I’m working on a Telegram bot that is supposed to generate inline keyboard buttons from my MySQL database data. I have a table named ‘tournaments’ and want to create a button for each entry. Here is the code I have so far:
However, when I execute this code, the buttons do not show up in the Telegram bot. I can’t understand what could be wrong. As I’m relatively new to integrating PHP with Telegram bots, I’d really appreciate any guidance.
Yep, you’re rebuilding the keyboard every loop instead of collecting them. Plus you need to actually send them to Telegram’s API - lots of people miss that step. Your JSON looks fine, just make sure you’re using curl or something like that to send it.

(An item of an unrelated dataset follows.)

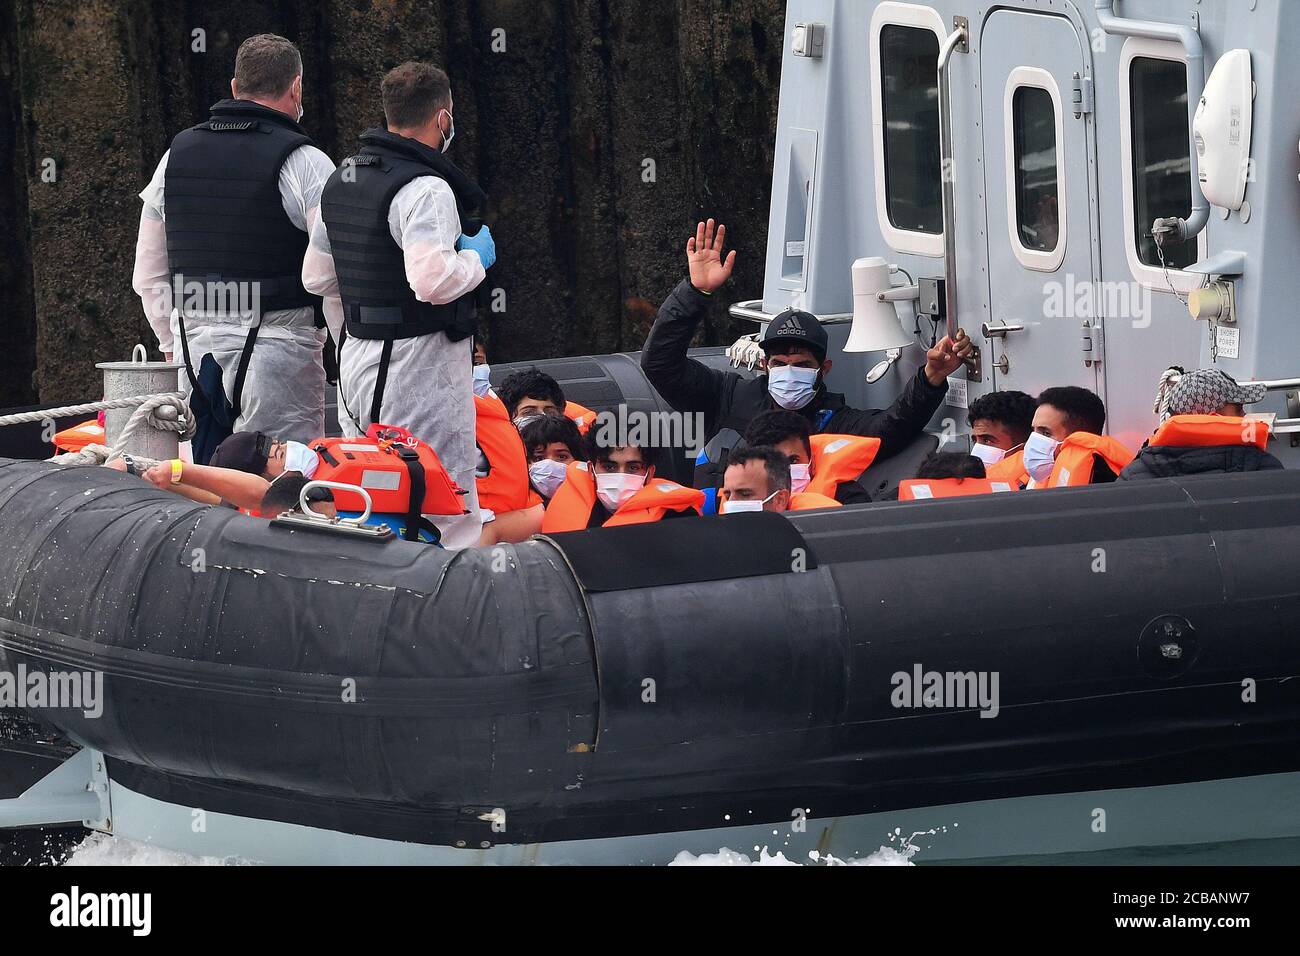 Un grupo de personas que se cree que son migrantes, uno está agitando, son traídas a Dover, Kent, por oficiales de la Fuerza Fronteriza después de un número de pequeños incidentes de barcos en el Canal de la Mancha a principios de hoy. Foto de stock

You’re creating a fresh keyboard for each database row but never sending anything to Telegram. Your loop overwrites the keyboard variable every time, leaving you with just one button from the last tournament.
Everyone’s covered the array building part, but there’s a bigger problem here. You’re dealing with database connections, API formatting, error handling, webhook management, and all the edge cases that pop up when users start hammering your bot.
I built something similar for our company bot last year. Started with PHP, spent weeks debugging callback data issues, handling database timeouts, managing rate limits. Then I switched to automation.
Latenode connects your MySQL tournaments table straight to Telegram without all that glue code. It formats the inline keyboards automatically, handles the API calls, and rebuilds buttons when your tournament data changes.
What took me 200+ lines of PHP and constant maintenance became a simple workflow that just works. No more debugging JSON formatting or wondering if your webhook’s receiving callbacks properly.
Your loop’s messing up - you’re creating a new keyboard for each database record instead of building one keyboard with all tournaments. Each iteration throws away the previous buttons. Grab all the button data first, then build the JSON:
Don’t forget to actually send this keyboard to Telegram’s API. It won’t show up unless you include it as the reply_markup parameter in your sendMessage or editMessageText request. And definitely use unique callback_data values - having ‘grabbed’ for everything will be a nightmare when handling responses.
You’re recreating the entire keyboard structure in each loop iteration instead of building one keyboard with multiple buttons. Plus you’re not actually sending the keyboard to Telegram.
Here’s what’s happening: each database row overwrites the previous keyboard, so you only get the last tournament as a button.
Build an array of all buttons first, then send it once:
$buttons = [];
while ($rowData = mysqli_fetch_assoc($resultSet)) {
$buttons[] = [['text' => $rowData['tournament_name'], 'callback_data' => 'grabbed']];
}
$inlineKeyboard = json_encode([
'inline_keyboard' => $buttons
]);
// Then send via Telegram API
Honestly though, managing all this PHP code for database connections, API calls, and error handling gets messy fast. I’ve built similar tournament bots and found that using an automation platform makes this way simpler.
With Latenode, you can connect your MySQL database directly to Telegram without writing all that boilerplate code. It handles the API calls, data formatting, and even lets you set up automatic updates when tournaments change.
I set up a similar system in about 10 minutes - no PHP debugging required.
You’re overwriting the keyboard variable in each loop and never sending it to Telegram. That’s your main problem. Right now you’re creating individual keyboards instead of collecting all tournaments into one. Build an array of button rows first, then encode the complete structure once. After that, actually call the Telegram Bot API with sendMessage or editMessageText - pass your keyboard in the reply_markup parameter. Without that API call, Telegram never gets your buttons no matter how perfect your formatting is. I hit the same issue when I started with Telegram bots. The keyboard logic looks fine, but forgetting to actually transmit the data is super common. Check your network requests to make sure you’re sending data to Telegram’s servers.